Tuesday, April 27, 2010

did you ever have a day where  something kept repeating throughout the day. colors are it today....shades of blue. funny how that happens.  sometimes it's a word that i hear again and again.  maybe it's a name, a town i've never heard of or a place, vacation destination or a restaurant. funny.
today, my e-bay keeps popping up on the screen...today must be a blue day....people are looking at blue....evne my blue willow sugar bowl, and antique.
go figure.
today has been much more quiet than yesterday. 
t.j.'s only request of the day was "soup". campbells. i think it's called soup to go.  

do you ever remember moments?  just moments....but specific moments?

t.j. can't chew very well with his braces...drinking microwave soup from the container is a long way from my father's biggest pet peeve, pushing the soup spoon away from you when you take a spoonful of soup.  i remember where we were, in our breakfast room, my dad was facing the window and the window was at my left. i had tomato soup for the first time and he told me it was his favorite. go figure.

did you ever have a recurring theme in your life...ever?  i have lots.


did you ever see something that reminds you of someone you love...just something little.  


one day while moseying through home goods, i came upon a whole display of summer plates...daisy plates. i thought of my mom...she would have loved the turquoise background and great daisies splashed all over the plates! she loved daisies.  i love daisies. 

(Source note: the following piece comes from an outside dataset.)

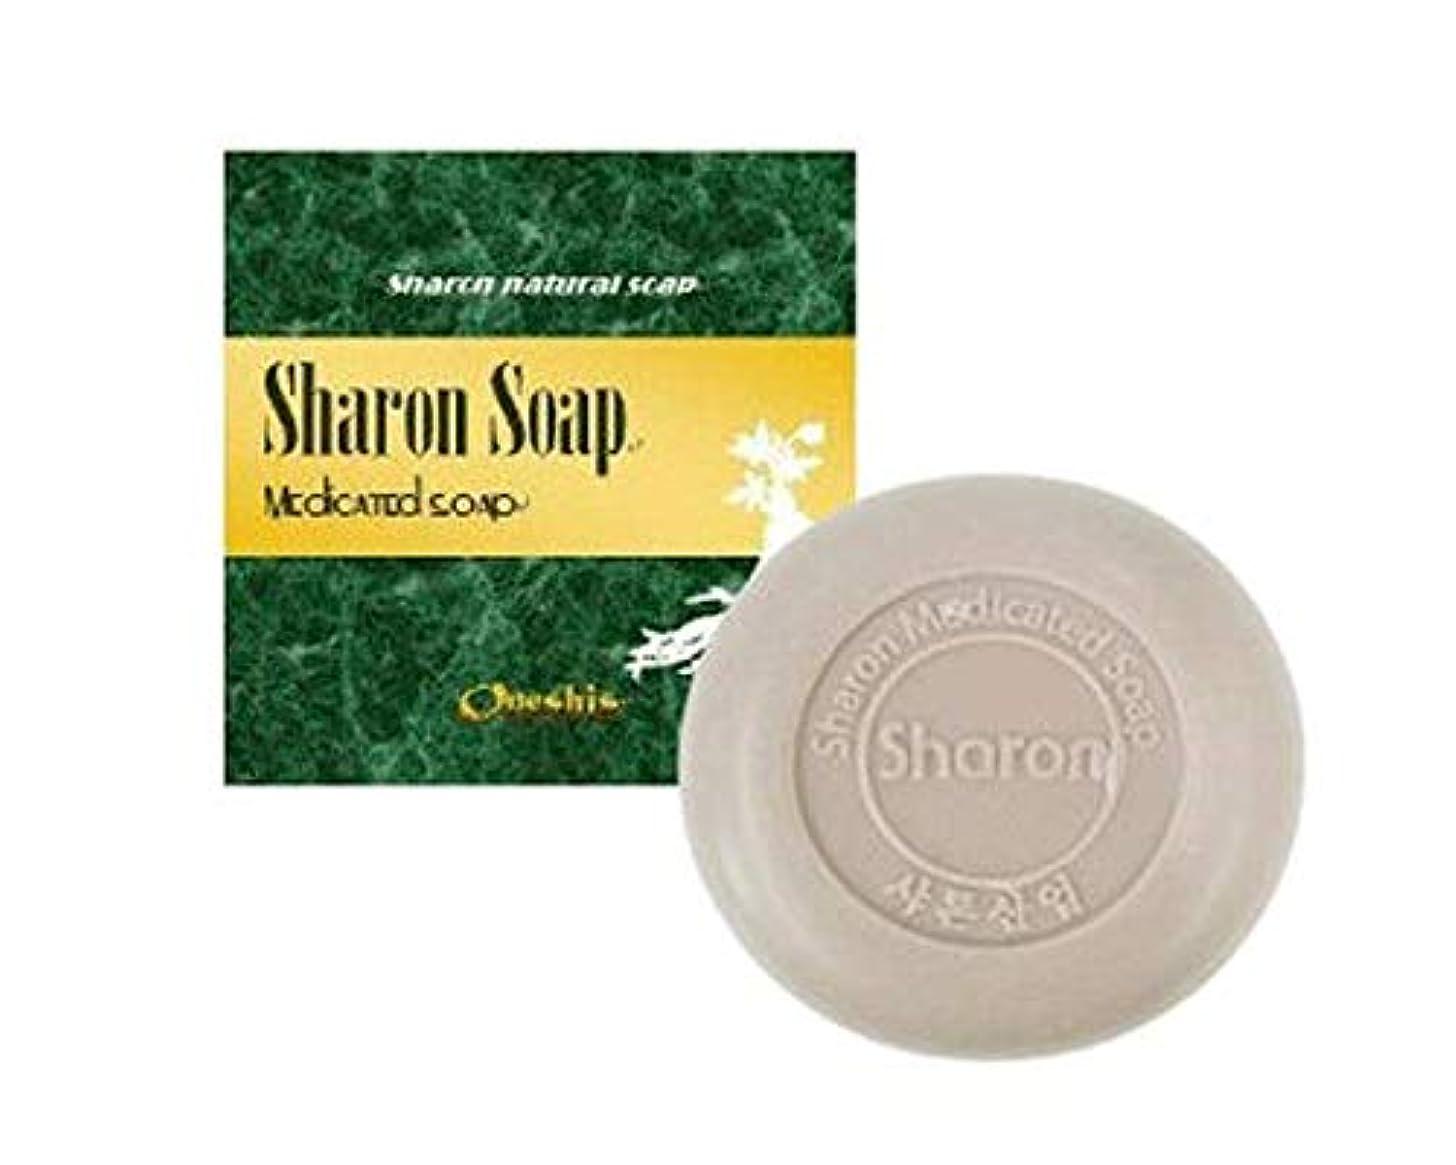 平行ひらめき退院Sharon Soap シャロンナチュラルソープ 天然由来植物成分 美肌石鹸

i've been noticing lots of mom things.  i do all of the time.  certain things.  some jump out at me like daisies.  others are more quiet...like when i pull off the yellow/brownish leaves off of her geraniums.  always geranium pink, she would quietly gather the recalcitrant leaves and listen to her 40's tunes  on the radio, sometimes a bit crackly...i think of how she loved to poke at her plants...quietly....dressed
up, in her nightgown after her coffee and toast and orange juice and bit of crumb cake.  medicine for her arthritis was a part of the morning ritual.


rituals.  she thrived on those rituals....breakfast and the morning in general was big in the ritual department.


i can remember every detail of her day.  she progressed through her morning in a very specific order. there was a predictability about those mornings. even grace and t.j. knew how she rolled in the mornings!


maxwell house ground coffee.


tropicana o.j.
ground coffee in mr.coffee coffee maker.


orange juice. tropicana.
while the coffee is brewing, she took her arthritis medicine and her aspirin. she stood at the kitchen sink and drank out of a small glass cup, placed the cup on the counter, poured her o.j. into the cup.
next stop.  run the  stengl coffee cup under hot water, pour the mr. coffee into warmed up cup. sit at the kitchen table with the coffee...take one sterling teaspoon of sugar, stir and sip. then, she would open her new york times....and slowly  sip her coffee. oh! wait! i forgot her toast...her whole morning was based on the perfect piece of cinnamon toast.
her toast would arrive at the table already buttered becasue apparently the toast would lose heat in the travel time.  this process was  well thought out. she sat at the table and crunched into the perfectly browned pepperidge farm cinnamon raisin toast, sip coffee, read paper, sip coffee, finish toast....pour new coffee and carry her small piece of crumb cake to the table and butter it...sip coffee and bite.


the dishes in the sink, wash the dishes, clean the sink was another long process.
shopping was a big part of her process.  here goes,,,,

sorry i'm having a tough time getting my pics tonight...i'm falling asleep. this late night blogging and e-bay is exhausting!


sorry for the mixed up story...my eyes are literally closing!